Said to be a concept album stemming from Alexakis’ divorce, its autobiographical nature is far broader. The songs Alexakis wrote for the album are powerful and demonstrate true songwriting talent. Songs From an American Movie ranges from childhood to formative years to courtship to marriage to children to break-ups but virtually every song expresses emotions and deals with situations almost everyone can identify with or comprehend.
Not to single them out over the other songs because the entire album is excellent, four in particular hooked me and have never let go. The opening cut, “Songs From An American Move,” and the final song, “Annabelle’s Song,” are about Alexakis’ daughter (you guessed it, Annabelle). Being the father of three girls, the emotions expressed in the songs still resonate with me. “Just the sound of my little girl laughing/Makes me happy just to be alive,” is the crux of the under 90-second opening cut while Annabelle’s song tells her, “You are my everything.”

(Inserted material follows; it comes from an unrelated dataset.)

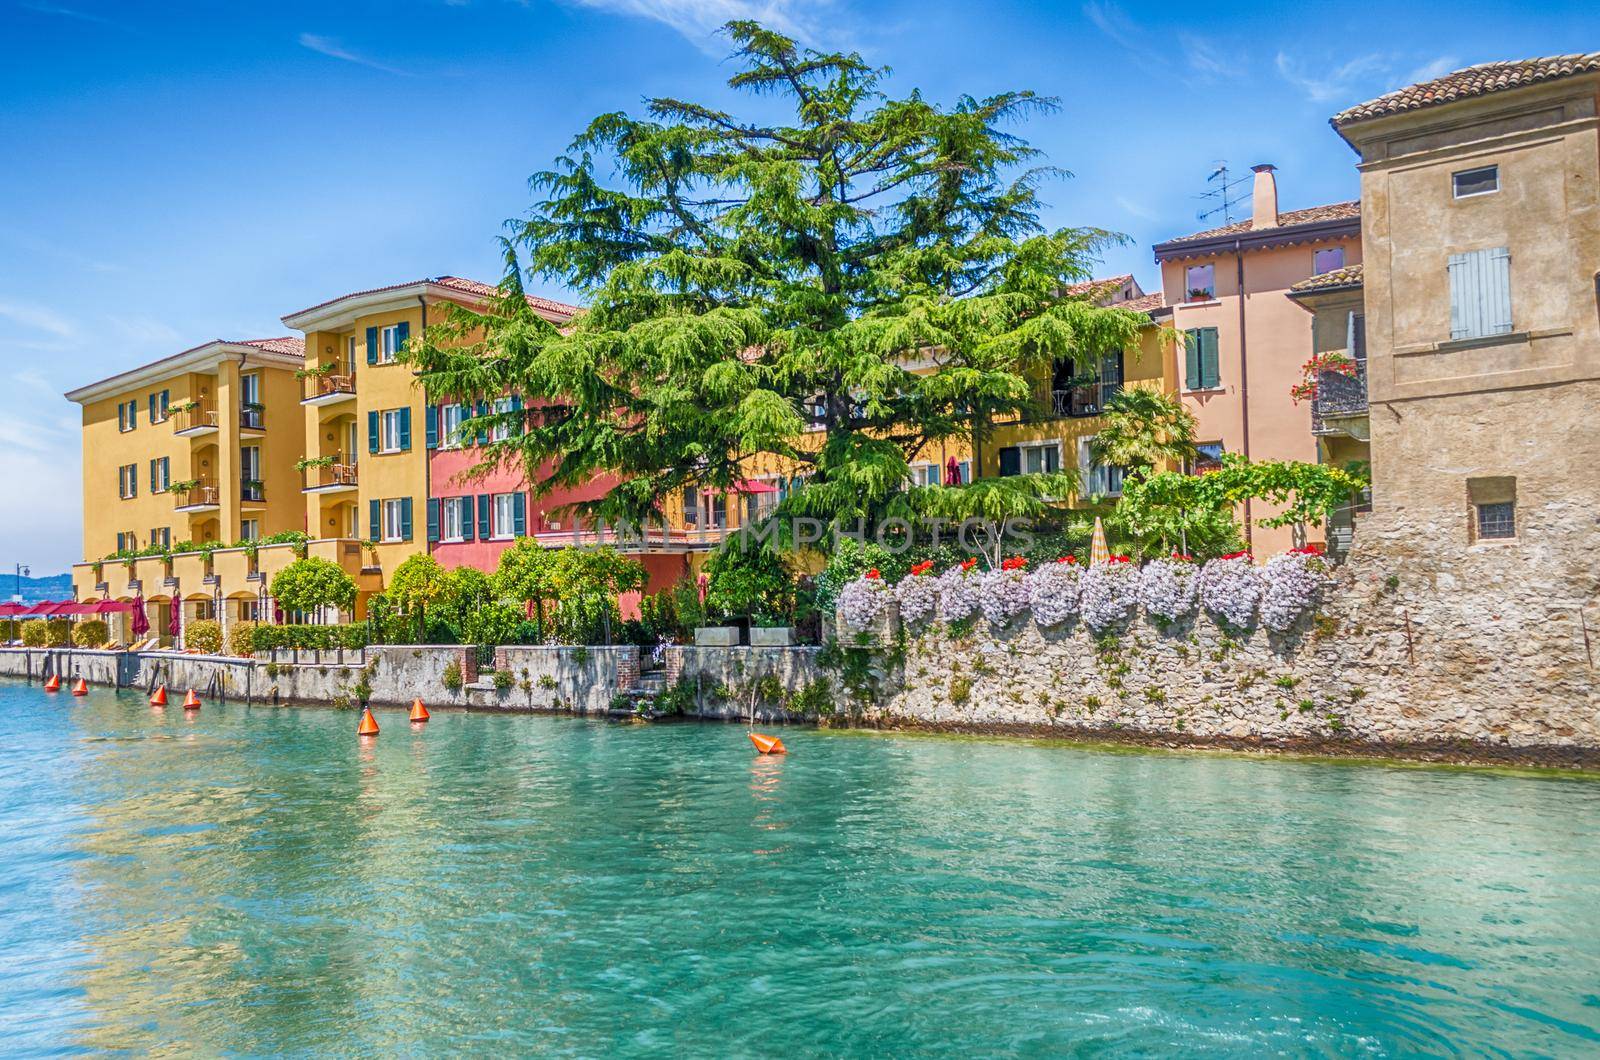 Scenic view of Sirmione, Lake Garda, Italy by marcorubino
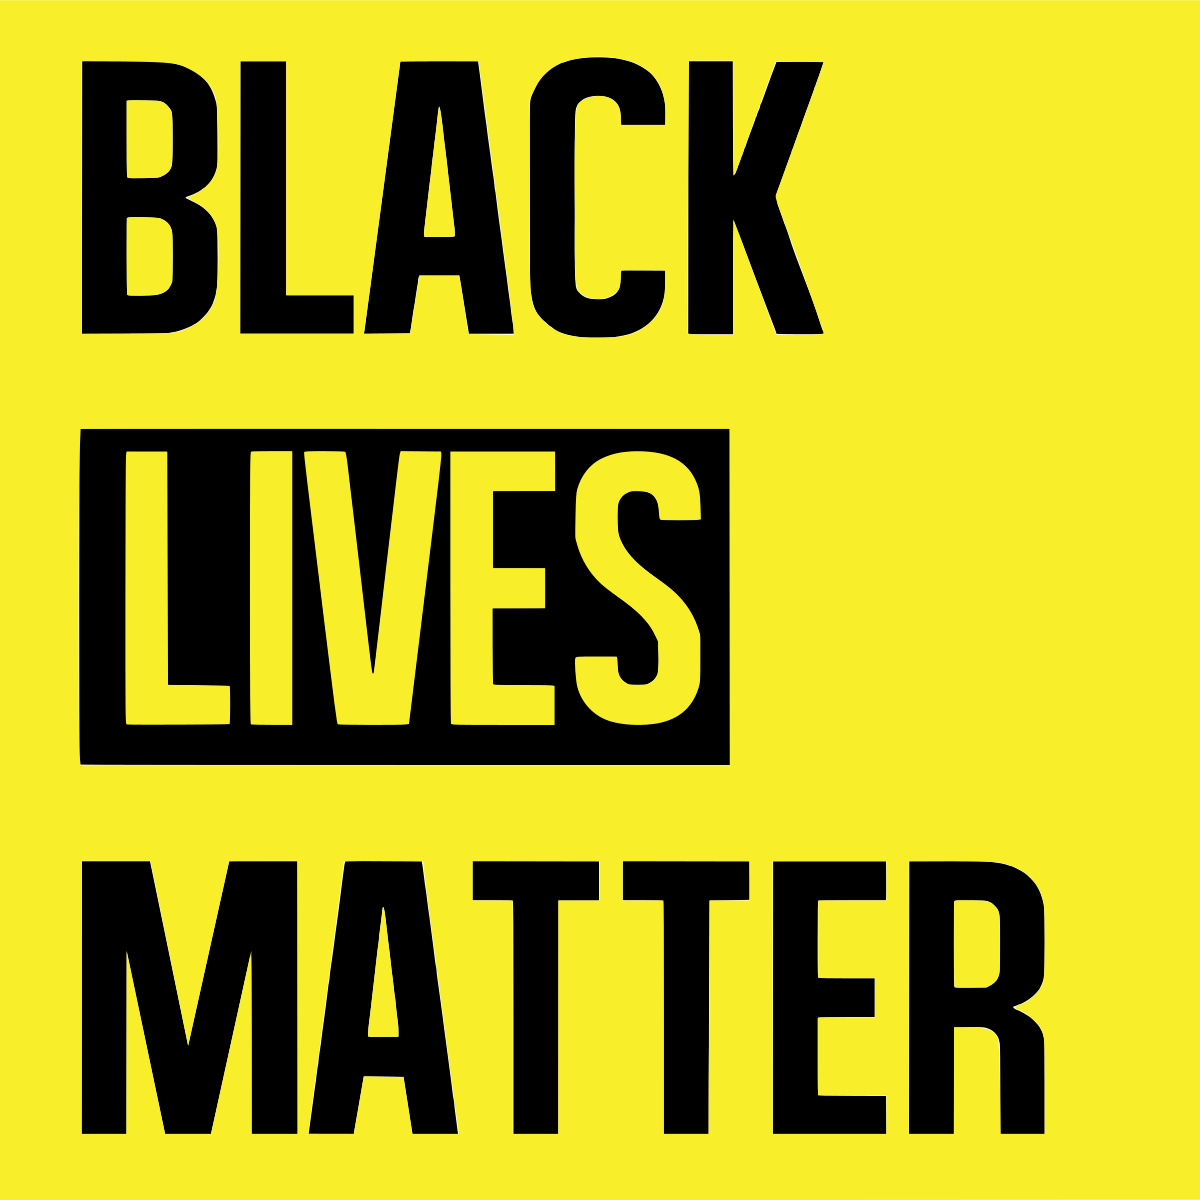 Black Lives Matter - Wikipedia

Then there’s “AM Radio,” which is about life in the early 1970s and the reliance on AM radio, where, as the opening jingle from LA’s famous KHJ radio station says, “Portions of the day’s programming are reproduced by means of electrical transcriptions or tape recordings.” The song traces those years when AM radio was one of the few vehicles for new music and the music that transported us elsewhere. “AM Radio” then segues into what may be the best cover version of Van Morrison’s “Brown Eyed Girl” I’ve heard. Yet while there is a wall of sound aspect to Evercleark’s version, even with the driving guitars it remains true to the original.
Songs From an American Movie also contains the band’s top-charting U.S. single, “Wonderful.” The song is an exquisitely rendered child’s view of divorce. (Alexakis’ father abandoned the family, an event that is the subject of “Father of Mine” from 1997’s So Much for the Afterglow, with the refrain “My daddy gave me a name/Then he walked away.”) Here, the boy is tired of hearing how everything is or will be wonderful when he can see and feel the enmity between his parents, reminding them and us, “Promises mean everything/When you’re little and the world is so big.”
It’s insights like this that could cause me to rave about virtually every song on the album, its music and its lyrics. That, of course, is what made it a record of the year for me. And, as far as I’m concerned it is one of the records of that decade and far and away the best record by Everclear.
I can handle all the hell
That happens everyday
When you smile and touch my face
You make it all just go away
“Learning How to Smile,” Everclear, Songs From an American Movie, Vol. 1: Learning to Smile
I can’t help but smile when I wonder what the people I write about would make of the term “post-grunge”!